This is the Title

This is a concise, punchy sentence. This next one is longer; additionally, it adds depth—humor, severity, possibly just truth—to the initial sentence. There will most likely be a sentence or two inserted here providing clarity, or introducing a main point—thesis—to the article. The last sentence is short.

Quick question?

Now, this is going to be a paragraph about an opinion. Or a situation. Or both. Maybe neither. This paragraph will go one of two ways: it will either provide a brief anecdote about a recent experience with the phenomenon I’m discussing, which will probably be intended to make you laugh, but may also take aim at your heartstrings. More likely the former than the latter. That was a sentence fragment. And this sentence starts with a conjunction.

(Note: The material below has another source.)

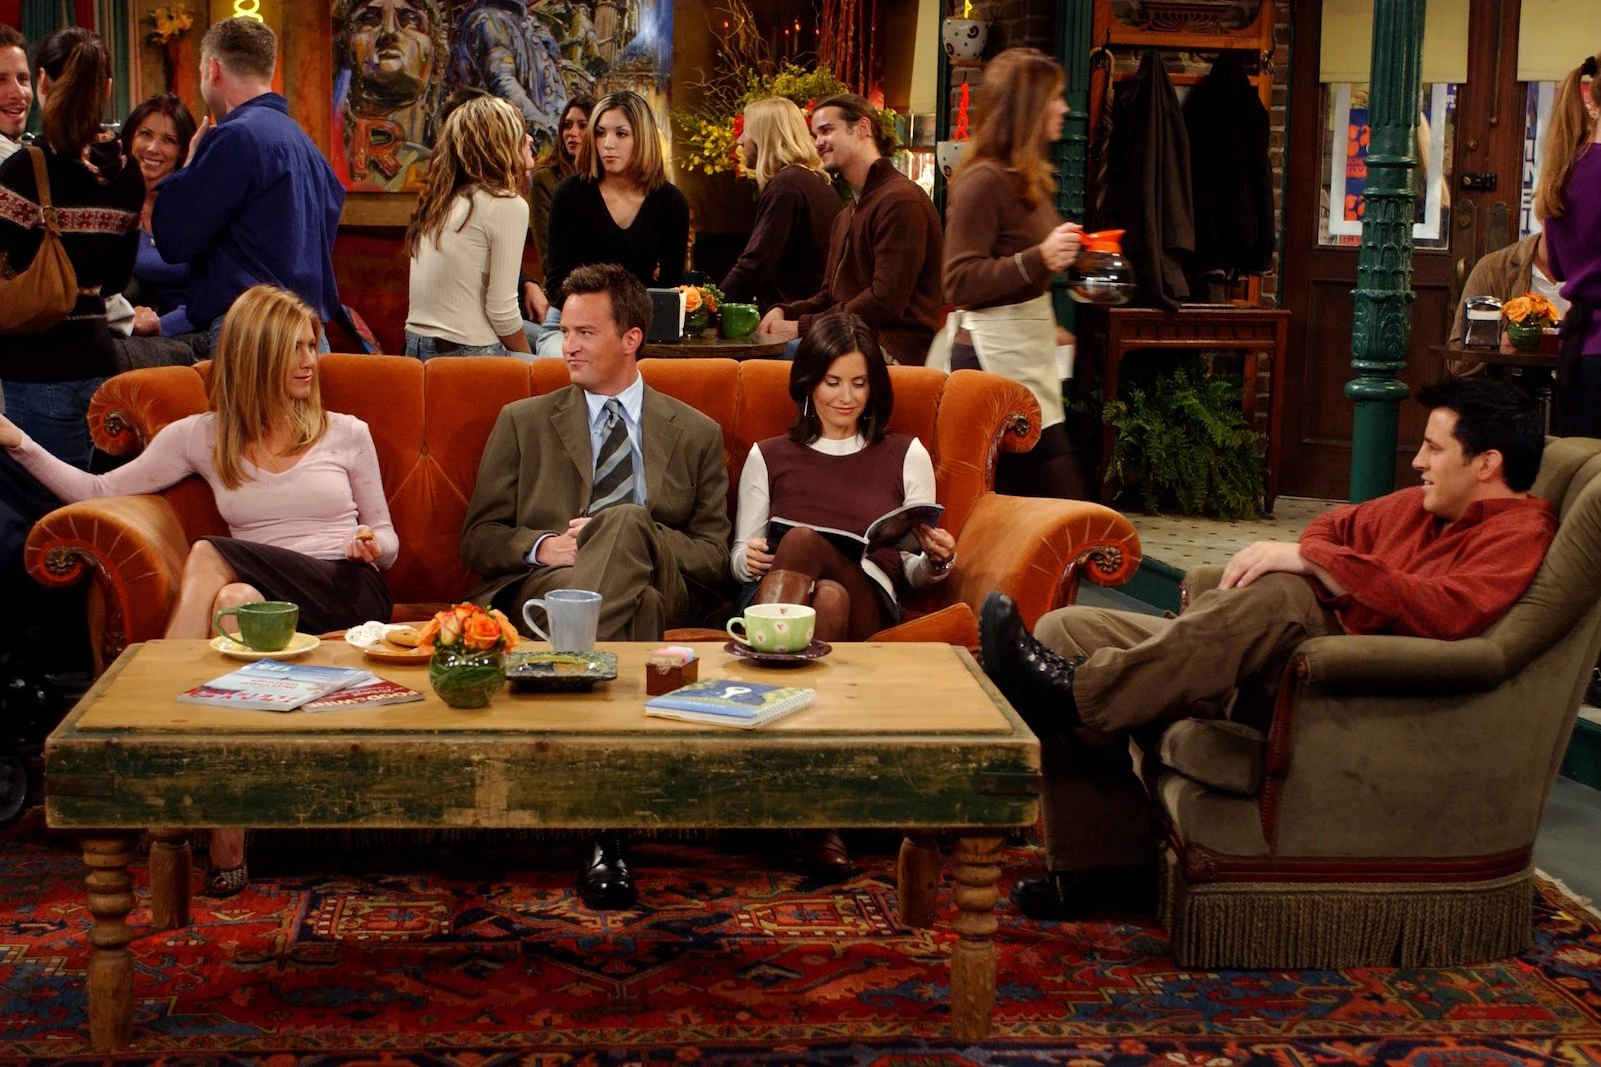 A 25th Anniversary Friends Pop-Up Will Let You Visit Central Perk

By the time you’ve reached this sentence, the digression from the second half of the point I was making at the beginning of the paragraph can only be remedied by the following.

An interjection.

Around this time, there will be a photograph inserted into the post. It may not add anything, but it is an opportunity for me—the writer—to display to readers and, potentially, employers that I find multimedia blogging an easily navigable endeavor.

But by this point, you (my reader) are frustrated with my total inability to connect back to my “one of two ways” paragraph, above. So I will get back to it. With a few more sentence fragments. And a few more sentences beginning with conjunctions. This shows employers that I am a skilled journalist writer, not bound to five-paragraph drudgery.

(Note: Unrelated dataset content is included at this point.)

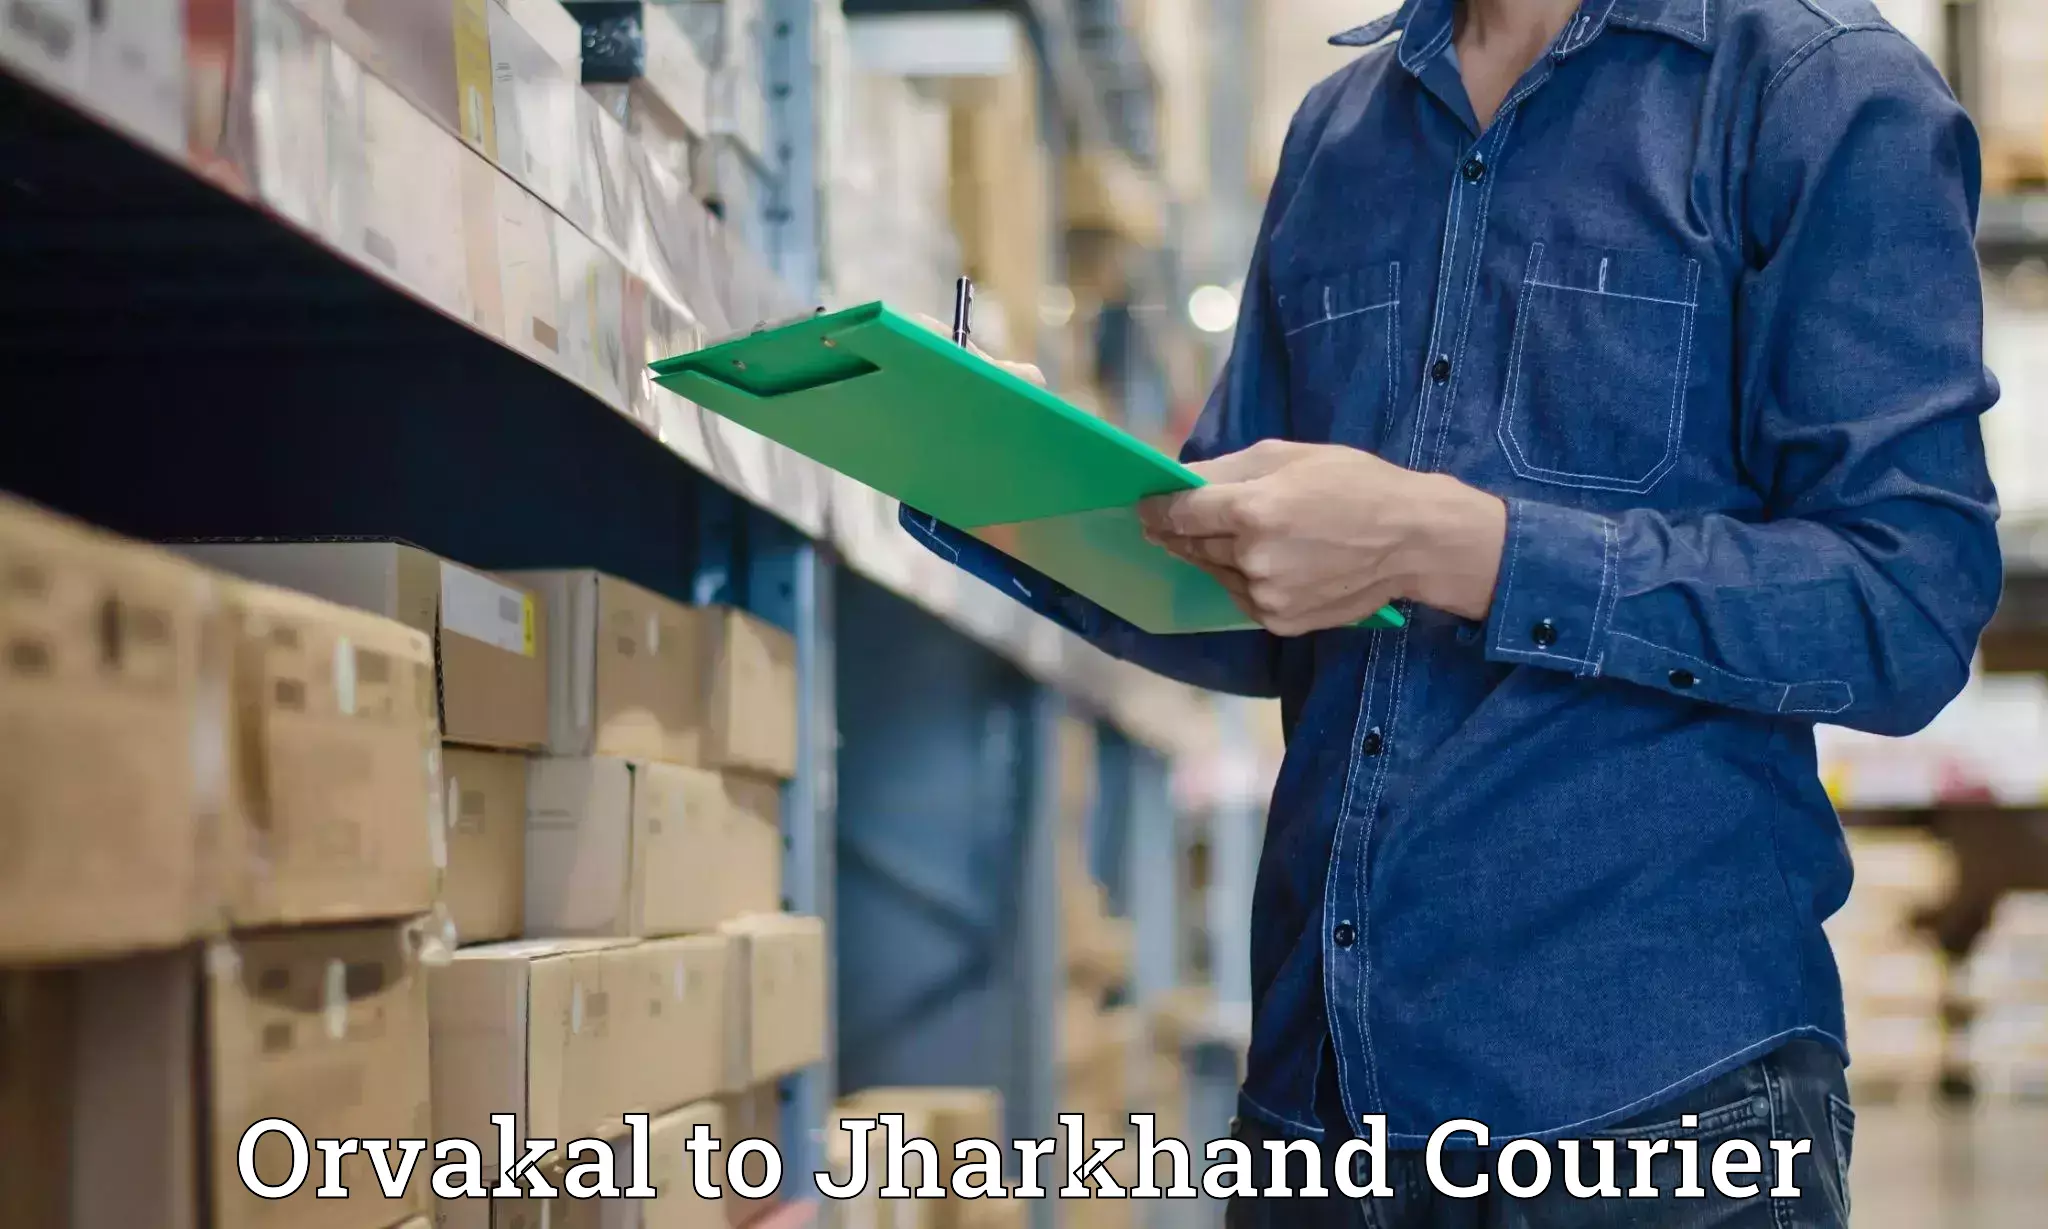 Efficient freight service in Orvakal to Jharkhand

This sentence doesn’t relate to any other part of the article. I’ll use it to point out how frequently I hyphenate phrases. That’s a journalist tic, too.

Finally, this is the paragraph where I attempt to bring things “full-circle”. The second of the two ways that the very far above paragraph could have gone was, rather than an anecdote, a description of something that displeases me. This might be ketchup, Bruce Springsteen, pro-lifers, paying for car insurance, men who use too much gel or girls who don’t believe the world when it tells them stripes and plaid don’t match. Whatever it is I choose to complain about, there will be something to offend everyone. In this way, I guarantee my readership to be at least partially offended by the time they’ve reached the end of this 400-to-1200 word article.

Article, or blog?

Peppered throughout the sentences and paragraphs, you will find a number of hyperlinks. These have a twofold purpose; one, they show that I know things about things that actually exist; two, they bring traffic from other parts of the internet onto my blog, increasing readership. (I believe the internet term is “pingback). Most of these links just go to Wikipedia.

This is the last paragraph. It doesn’t wrap anything up. It’s pretty short, too. It will make an attempt at meaning, or maybe just re-word a cliche like “it’s all been done before.”